— Task brief —
Your job is to give again, exactly and with no additions, the lines in the records below from the one with "IMG_3300-1238x1280 From best" through the one with "slices of fresh", both included. Omit the pictures.

— Dataset content —
• • • • •

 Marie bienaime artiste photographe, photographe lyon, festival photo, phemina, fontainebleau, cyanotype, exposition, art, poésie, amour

• • • • •

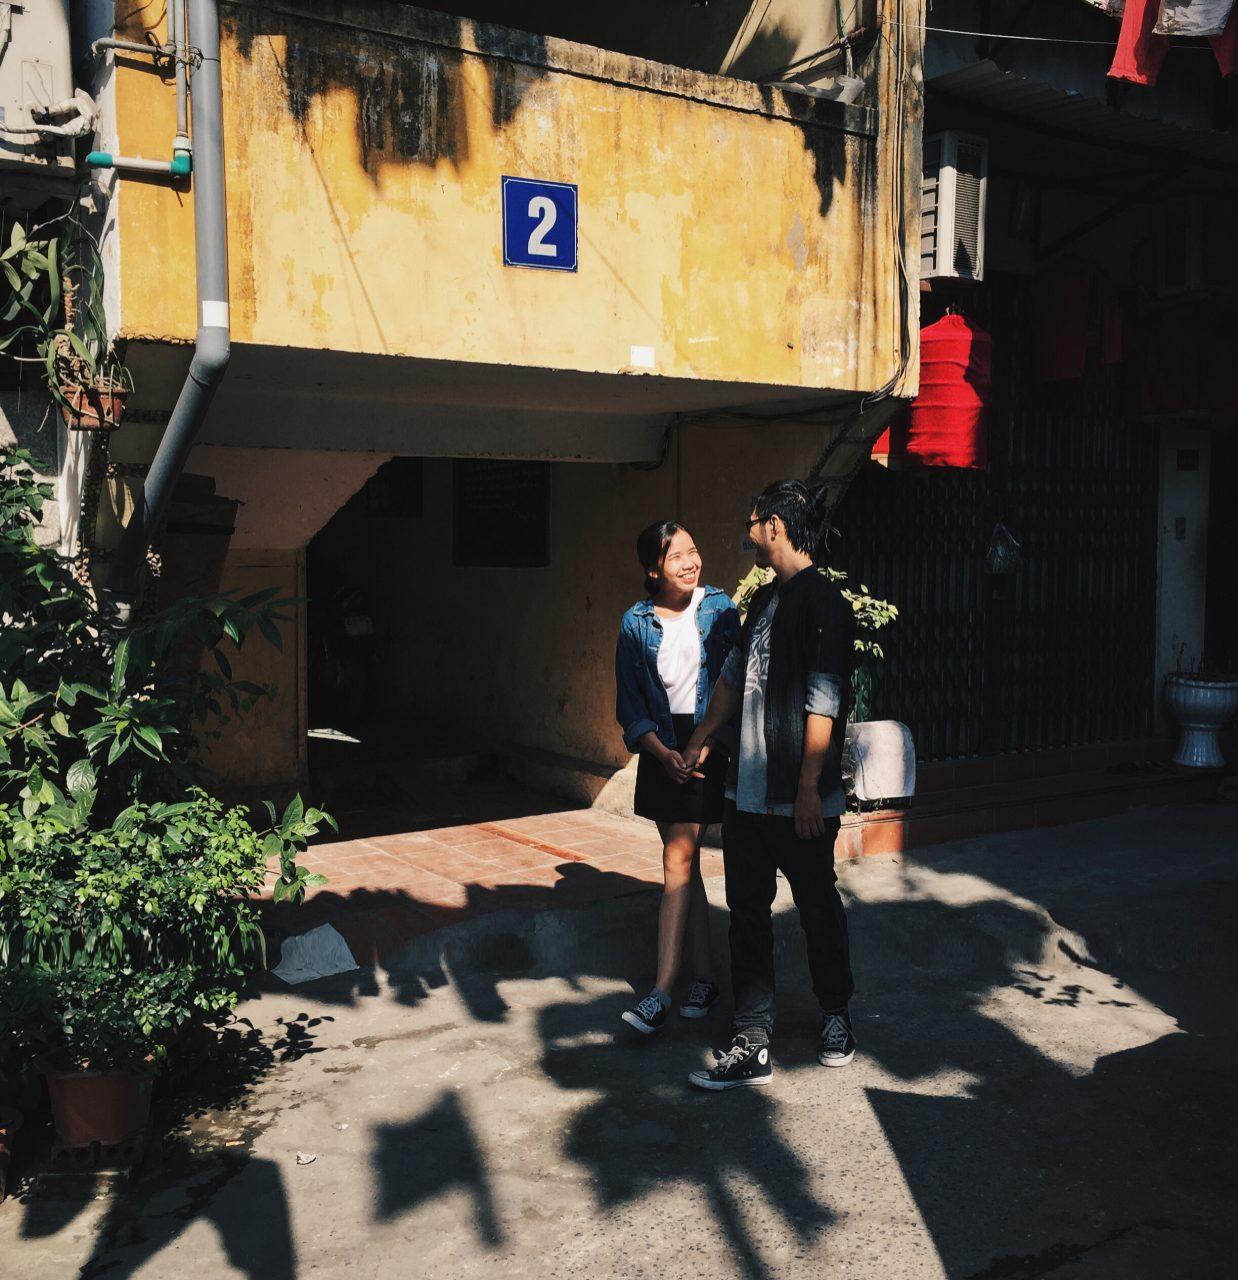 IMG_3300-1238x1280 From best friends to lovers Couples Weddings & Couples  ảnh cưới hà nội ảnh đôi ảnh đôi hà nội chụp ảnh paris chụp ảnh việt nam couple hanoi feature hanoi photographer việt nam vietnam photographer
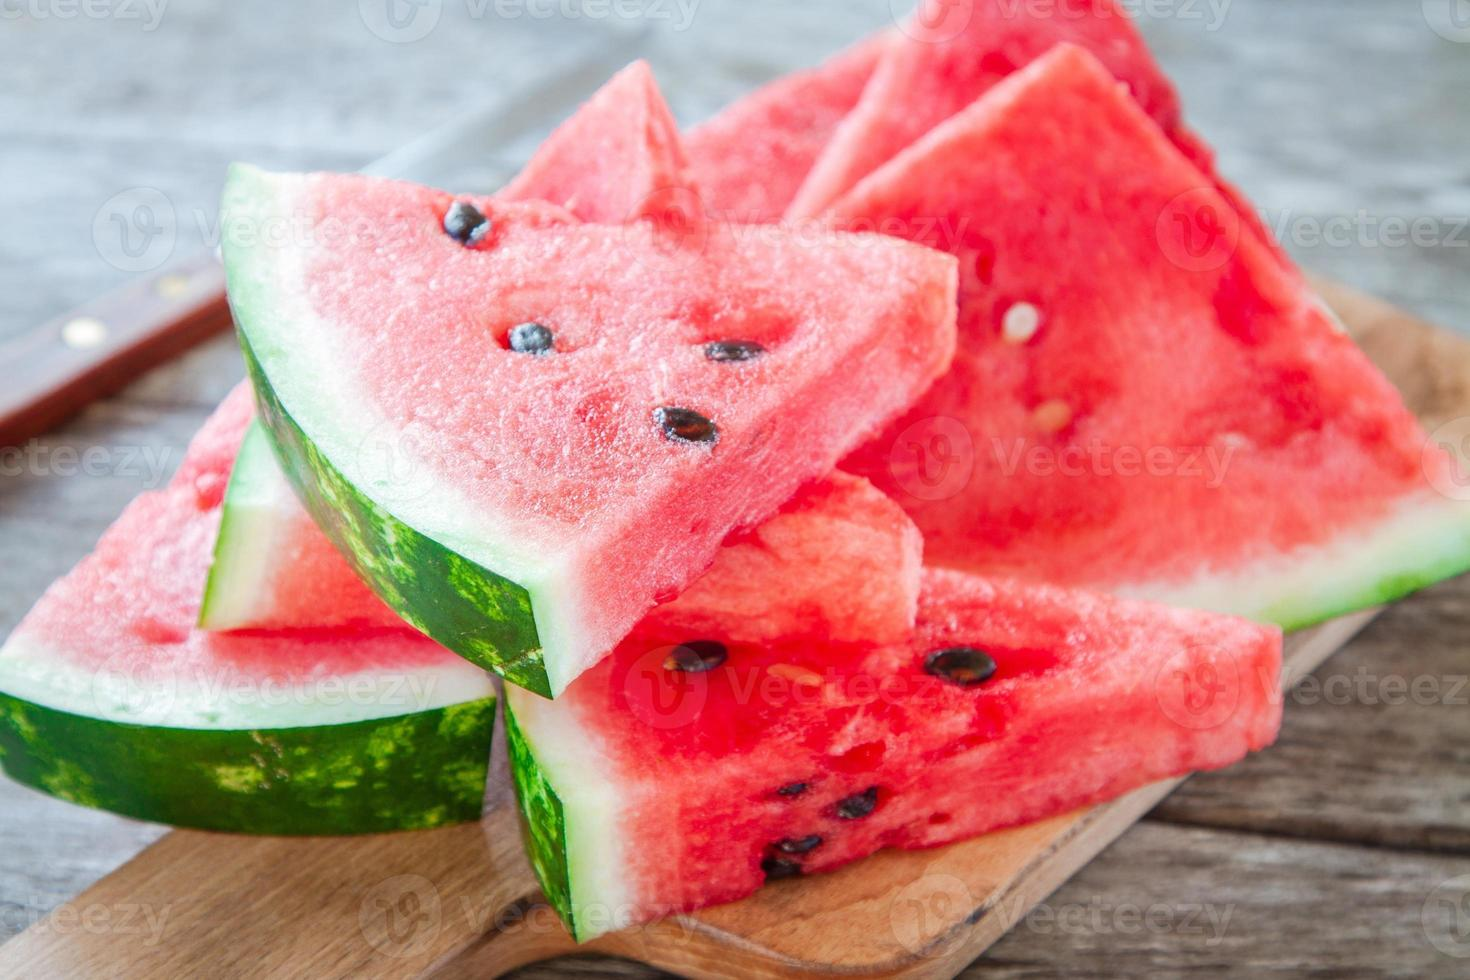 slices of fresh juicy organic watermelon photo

• • • • •

— Problem solution —
 IMG_3300-1238x1280 From best friends to lovers Couples Weddings & Couples  ảnh cưới hà nội ảnh đôi ảnh đôi hà nội chụp ảnh paris chụp ảnh việt nam couple hanoi feature hanoi photographer việt nam vietnam photographer
 slices of fresh juicy organic watermelon photo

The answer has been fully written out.